Aaron made his bubbe’s famous cheese blintzes this morning, but didn’t eat a single one, choosing instead to sip on a protein shake and insist he was “perfectly content without all that dairy” and has “never felt better.” Now he’s on the porch in ripped skinny jeans, a floral bomber jacket, and a pair of trendy thick-soled sneakers that look better suited to walking around in a spaceship than in six inches of fresh snow.
“This is . . . different,” Andrew says, looking him up and down.
“Doesn’t Papa look cool?” Zachary says, and tugs on the end of Aaron’s Burberry scarf. “He has the same shoes as Mr. Tyler.”
“Who is Mr. Tyler?” I ask.
Kyle looks on with the long-suffering smile of a spouse who has endured his husband’s shenanigans for months and is all too happy to share the joy. “That’s the twins’ twenty-four-year-old Instagram-famous soccer coach.”
Aaron jogs in place. “They’re super comfortable.”
Andrew is a delightful sweetheart: “I’m sure they are.”

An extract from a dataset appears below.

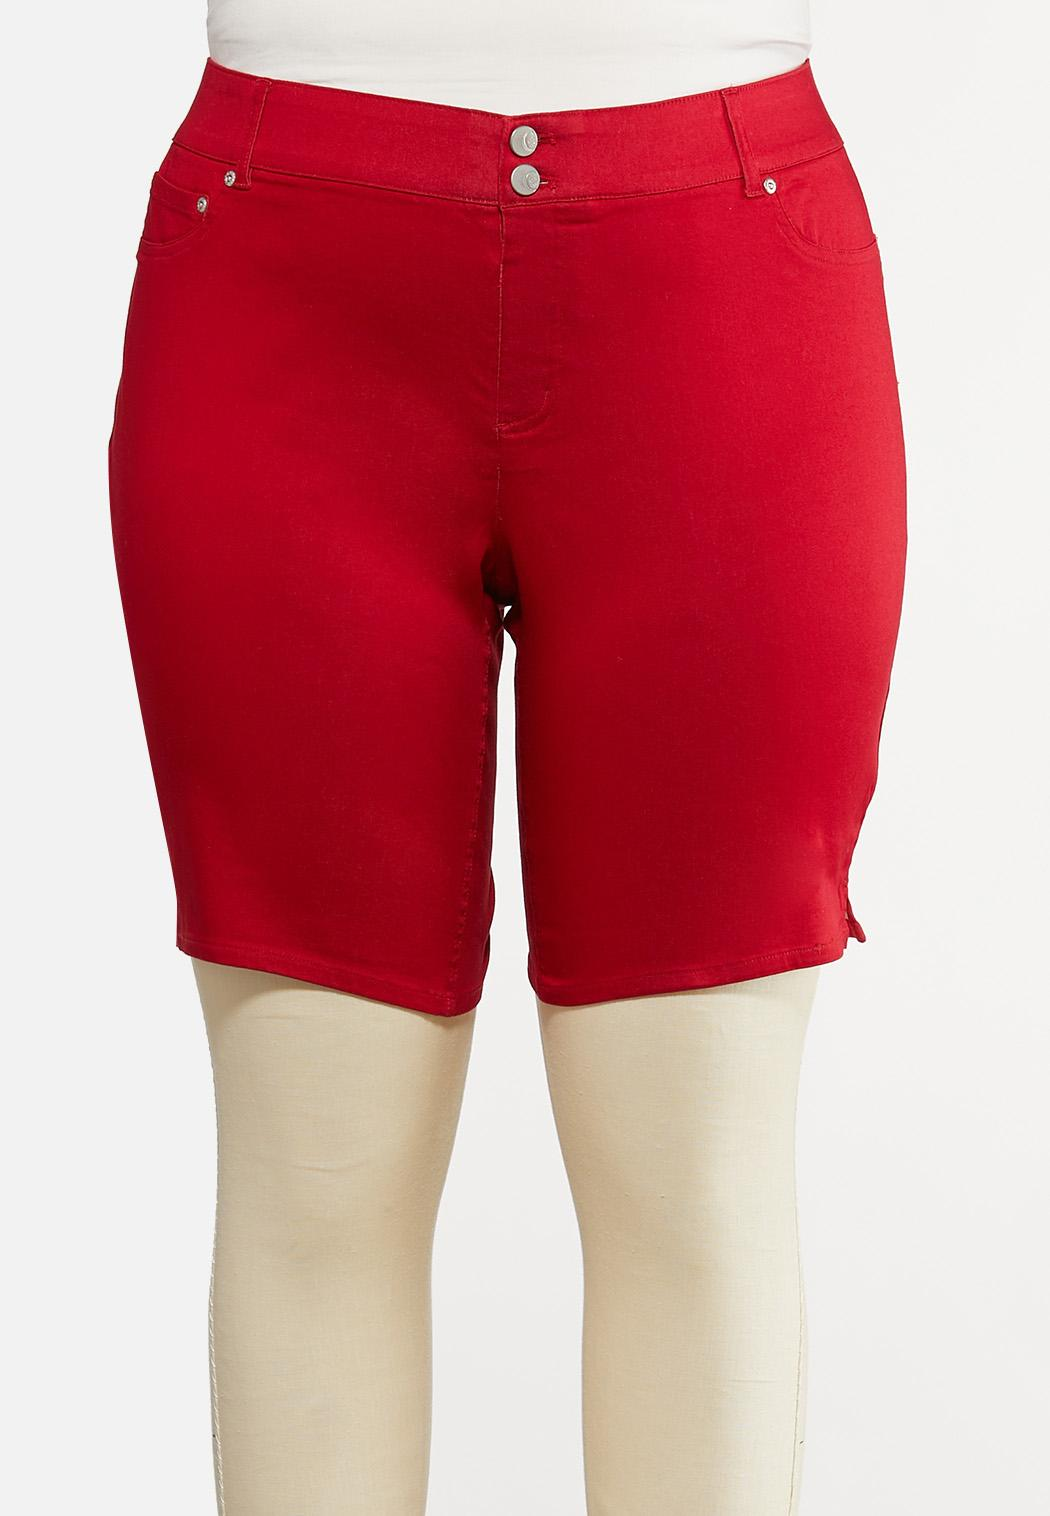 Plus Size Red Curvy Denim Shorts

By this point in our lives, we all know the routine: Partners split off and get to strategizing, then building. It might make more sense for me to pair up with Theo because we’re practically twins but 1) Miles would murder anyone who dared steal quality time with his idol; 2) Andrew and I are both easily distracted as well as only marginally invested in winning, so nobody else wants us on their team, and 3) I just really want to be with Andrew. Not the most noble reason, but here we are.
As for the rest, Benny is only occasionally interested in the event, and mostly just acts as a judge and/or cheerleader. Lisa works with Kyle. Aaron works with Dad, who, to Dad’s credit, takes a long look at Aaron’s outfit but refrains from commenting. Theo and Miles team up, obviously, and Ricky and Mom are a team. Nine times out of ten, they win. I guess that’s what happens when you pair a landscape architect with an artist.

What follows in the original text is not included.